Omit all images, then repeat exactly the lines below from the one containing "Une femelle babouin" through the one containing "Moderno uređena kupaonica", both ends included.

• Supplied information:
*-*-*
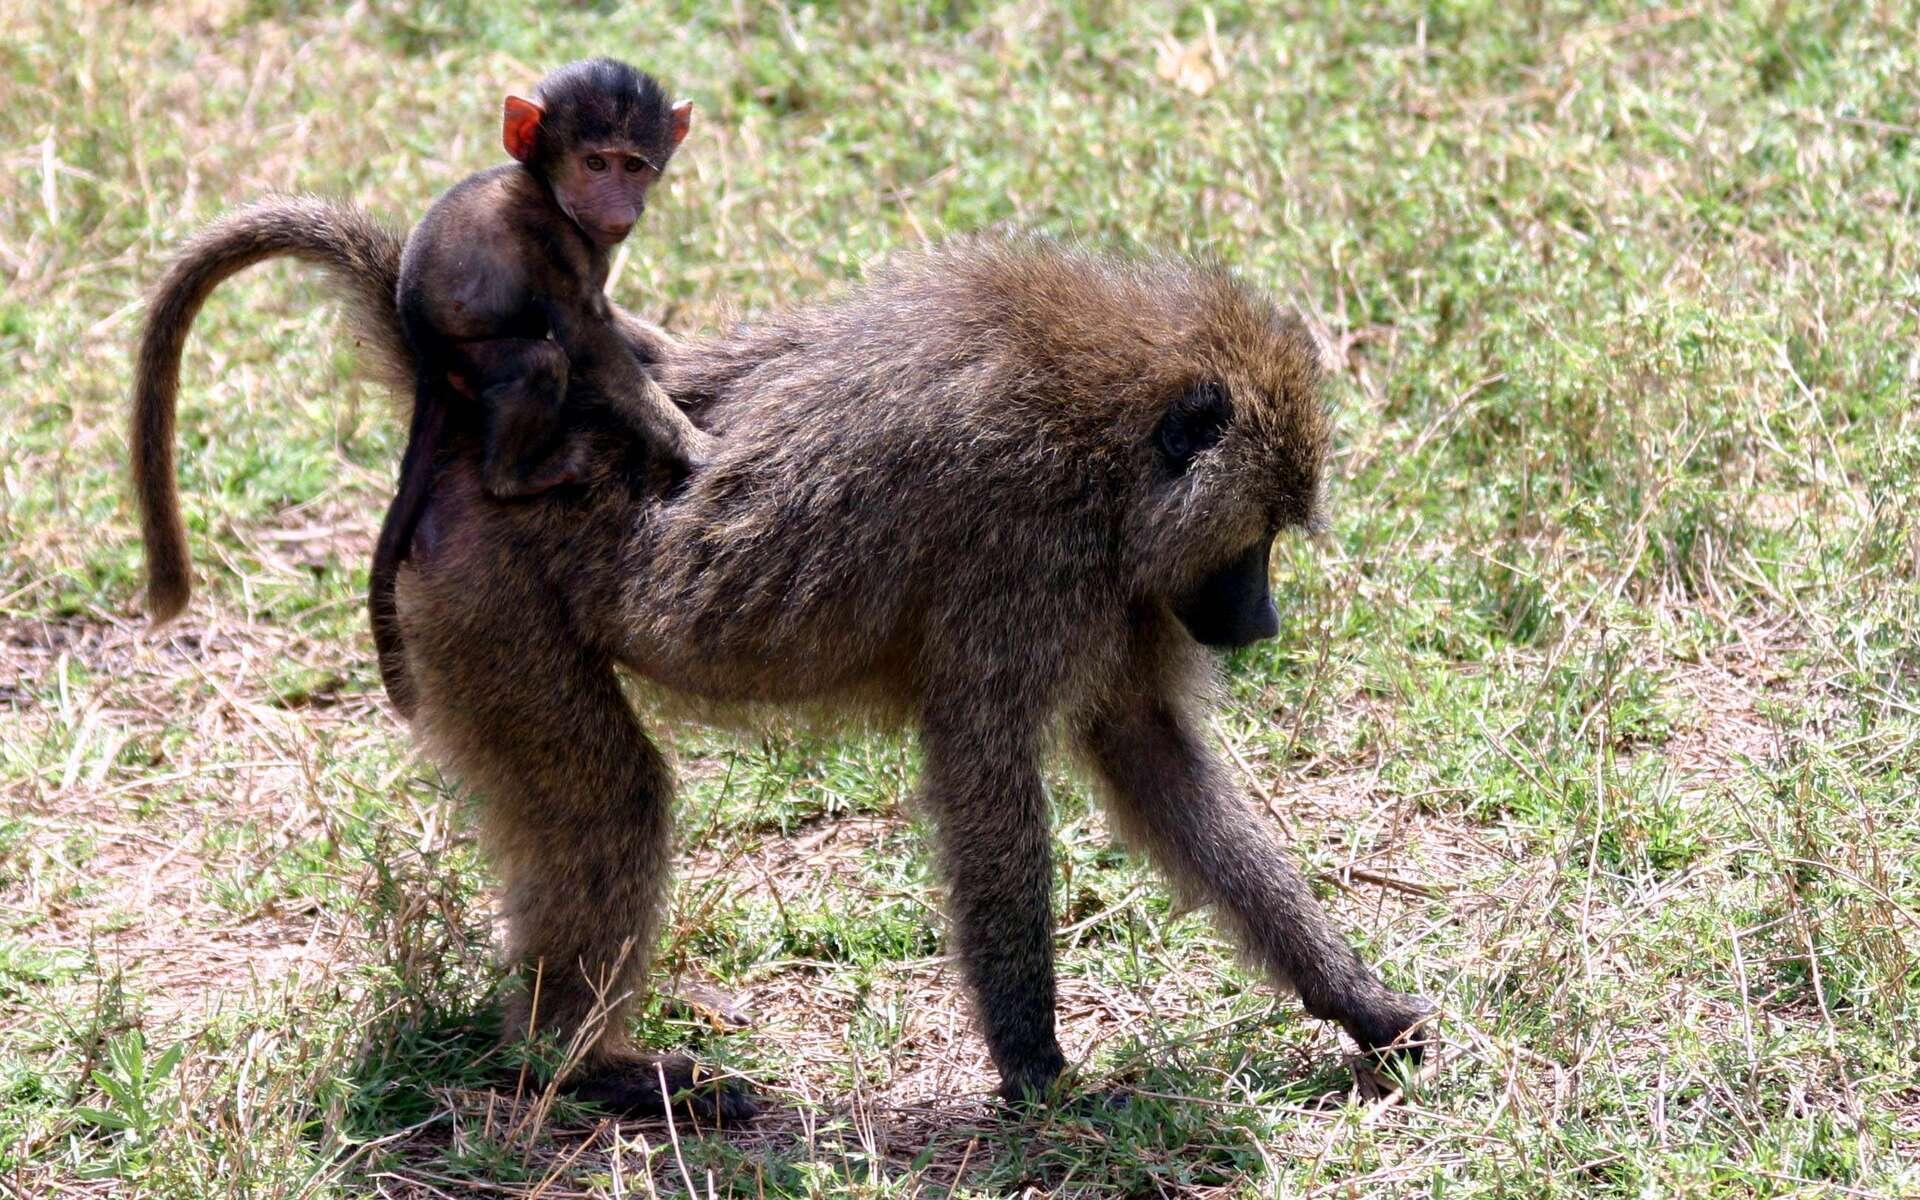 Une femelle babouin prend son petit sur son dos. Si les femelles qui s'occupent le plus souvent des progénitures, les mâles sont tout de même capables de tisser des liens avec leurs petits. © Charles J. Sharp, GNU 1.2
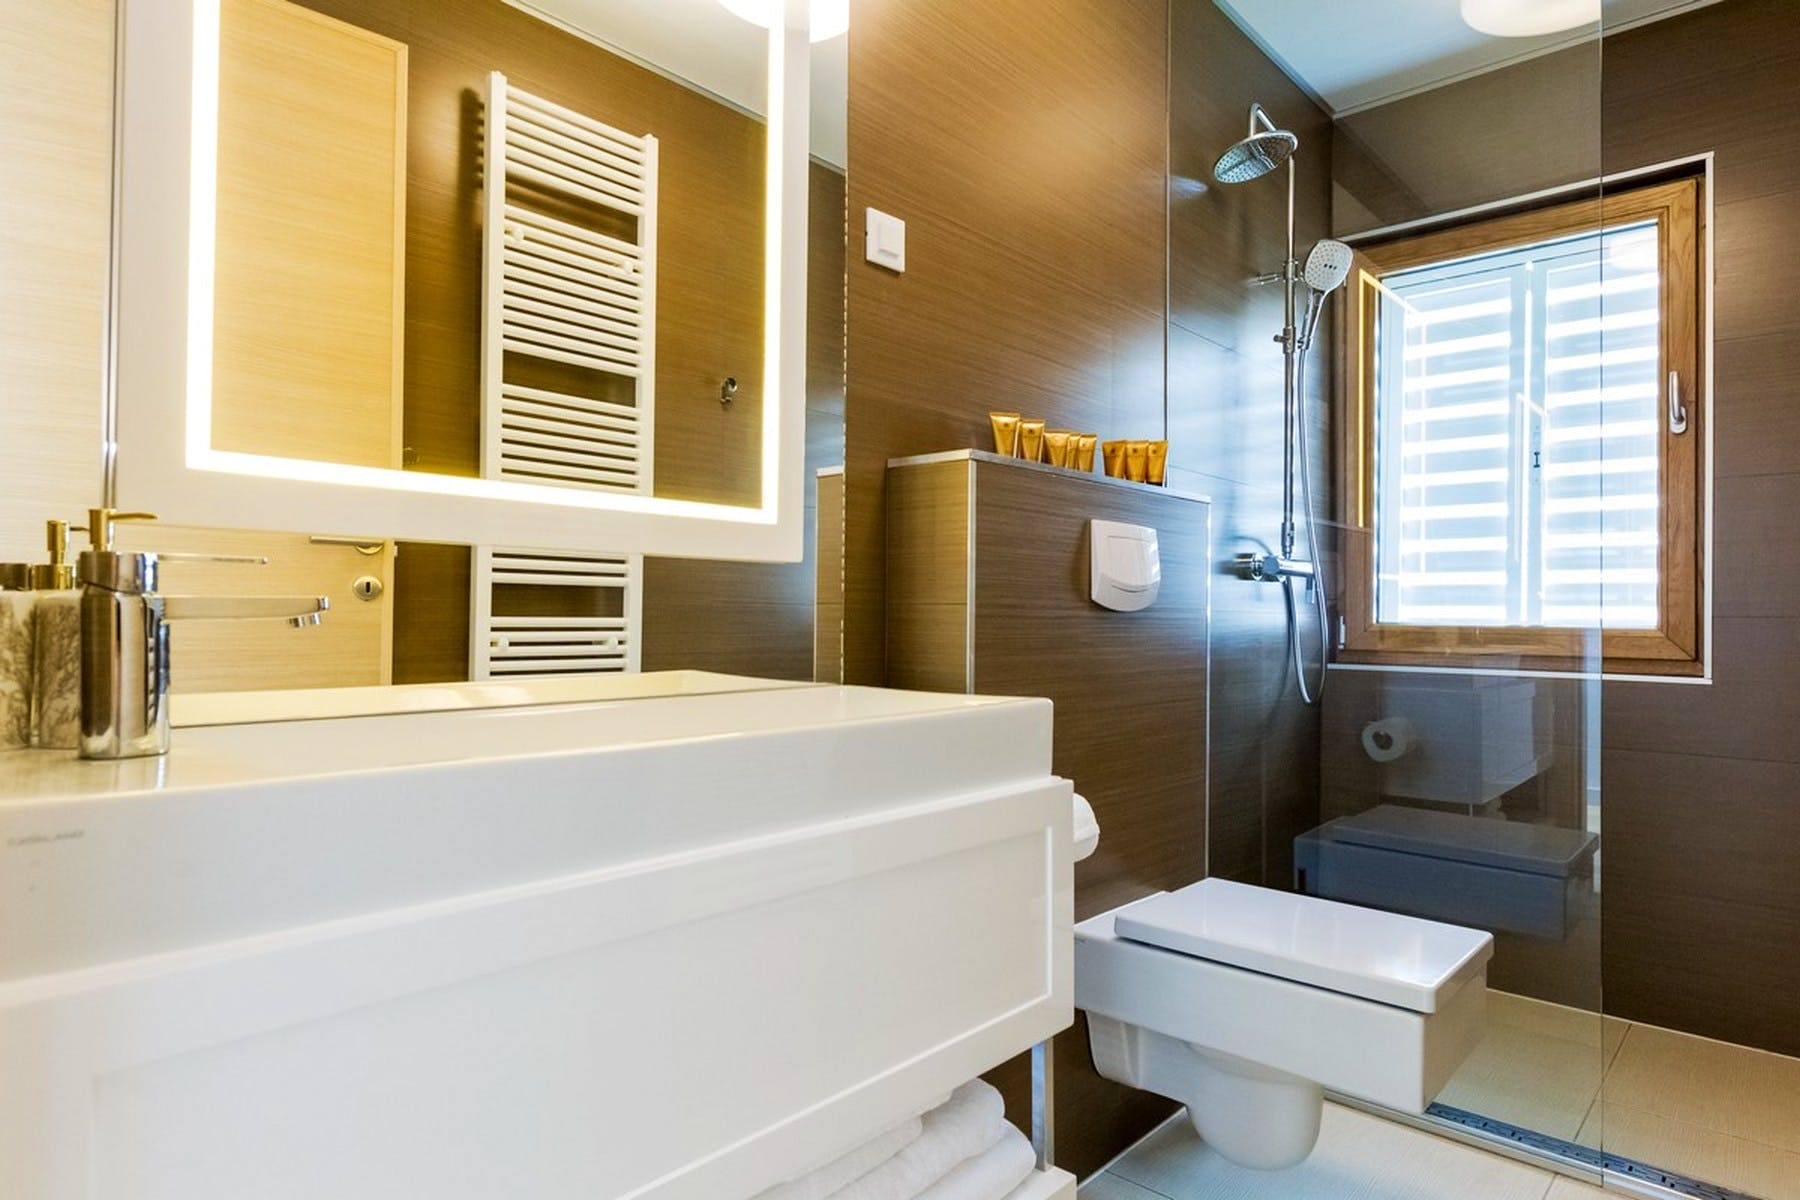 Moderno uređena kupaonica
*-*-*
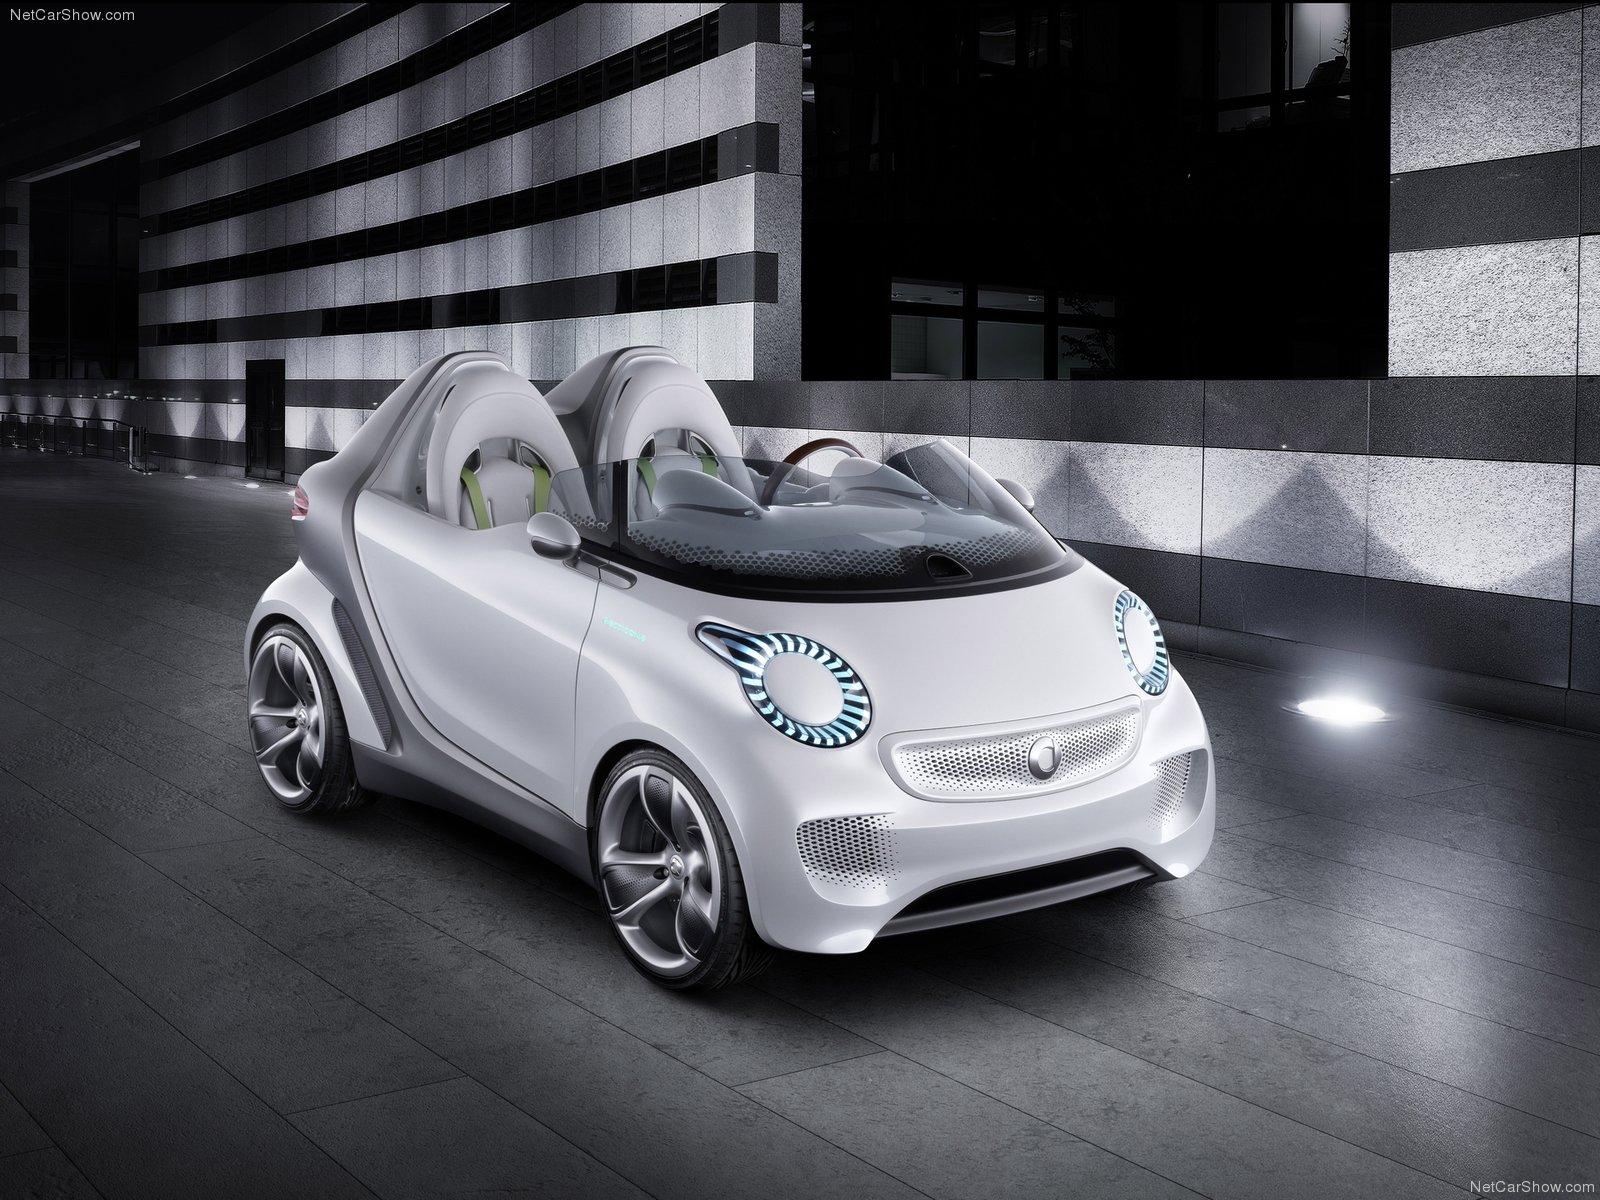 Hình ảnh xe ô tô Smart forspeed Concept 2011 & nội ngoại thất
*-*-*
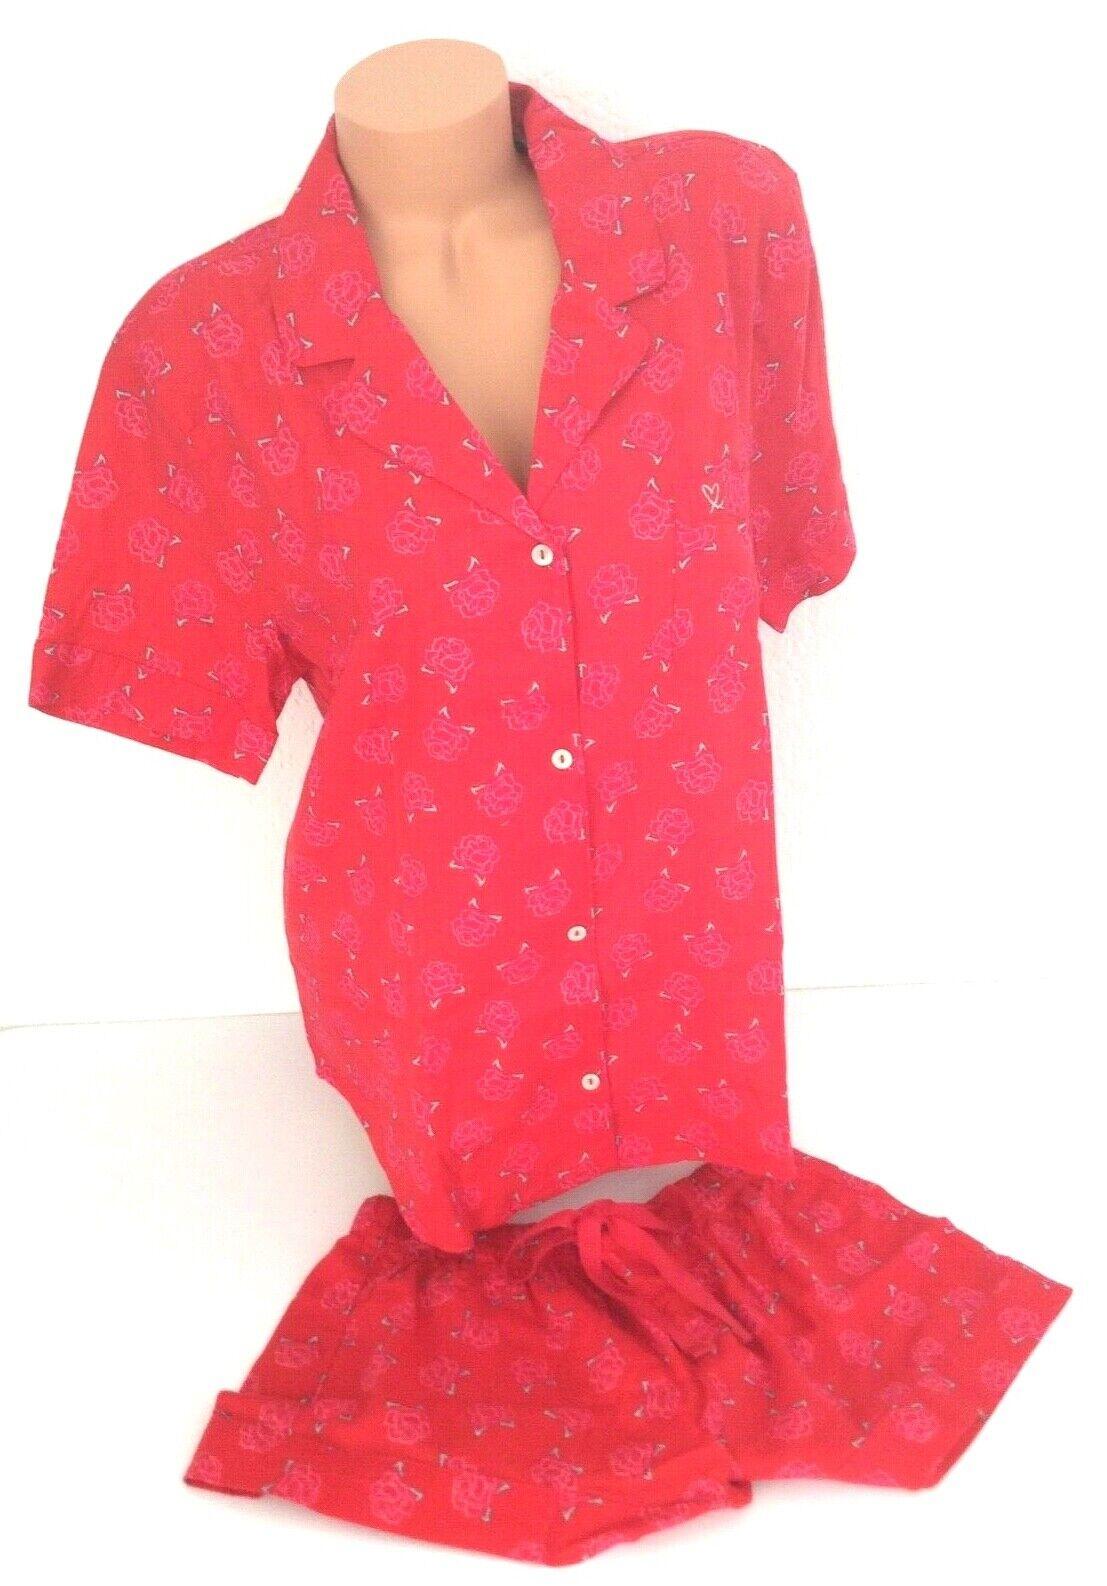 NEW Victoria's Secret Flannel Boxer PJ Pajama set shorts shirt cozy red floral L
*-*-*
• Answer space:
 Une femelle babouin prend son petit sur son dos. Si les femelles qui s'occupent le plus souvent des progénitures, les mâles sont tout de même capables de tisser des liens avec leurs petits. © Charles J. Sharp, GNU 1.2
 Moderno uređena kupaonica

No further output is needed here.